Generally speaking, the known diamond-forming reaction vessels include a thick steel outer shell, a large quantity of insulating material adjacent to the inner walls of the outer shell, and a reaction space or chamber within the insulating material. The reaction chamber includes high temperature heating means (e.g. an electric heating element), and a space to position the graphite raw material which will be converted into diamond products by the simultaneous application of high pressure and high temperature. The specific means used to generate the necessary high temperature and high pressure which must be applied to the graphite are conventional and well-known to those skilled in the art.
In the known reaction vessels of the aforementioned type, the insulating material between the central reaction space and the outer steel shell is of significant importance. The heat required for the diamond forming reaction is sufficiently great as to damage the outer steel shell of the reaction vessel and possibly cause it to disintegrate in a relatively short period of time. Thus, the insulating material is necessary to prevent much of this heat from reaching the outer steel shell. Even with the insulating material, the heating means in known reaction vessels must not be turned on for any extended period of time to further avoid damage to the outer shell. In practice, the heating means is switched off usually every few minutes, or in some instances every few seconds. The quantity of insulating material used in the known apparatus is quite large in proportion to the area of the outer steel shell. Accordingly, the actual reaction space provided by the known vessels is quite small and there is usually only enough room to accomodate graphite raw material of the size of approximately one centimeter in diameter. Accordingly, the diamond resulting from the high heat and pressure applied to the graphite in the reaction chamber is quite small.

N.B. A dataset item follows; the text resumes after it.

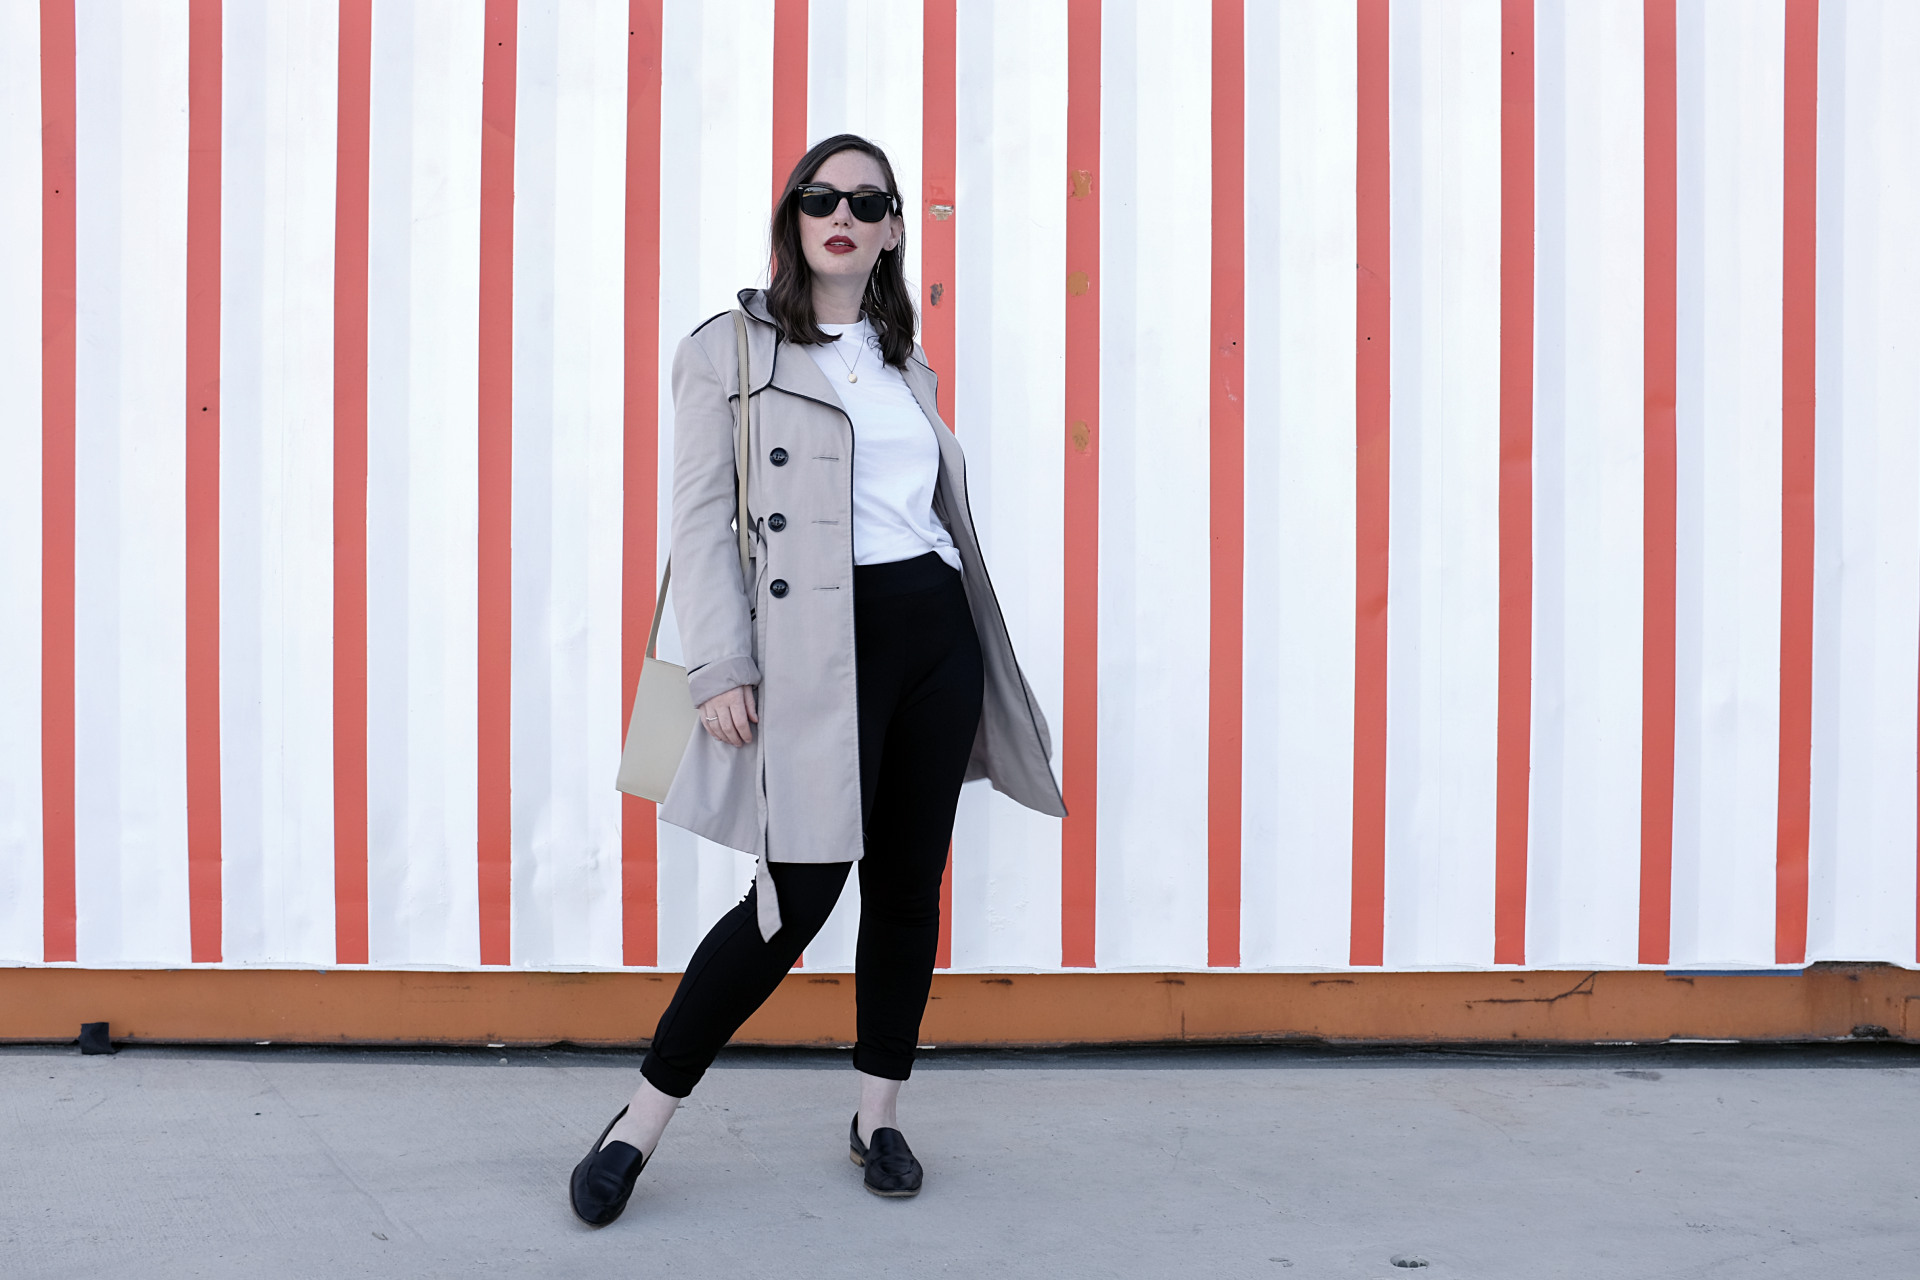 A white woman stands in front of a red and white striped wall. She is wearing a trench, a white tee, black slim pants, and black loafers. Her accessories are minimal jewelry, a crossbody bag, and sunglasses. She is looking at the camera.

It is an object of the present invention to provide a reaction vessel of the type adapted to form diamonds from graphite that eliminates most of the insulating material required by the known vessels to thereby provide a significantly larger reaction space within the reaction vessel. Due to the flexibility of the reaction time allowed by the invention, diamonds of a size significantly larger than that resulting from the known reaction vessels can be produced when the graphite is subjected to a relatively long reaction (e.g., months). On the other hand, diamond powder can be produced from a relatively short reaction time (e.g., minutes or seconds).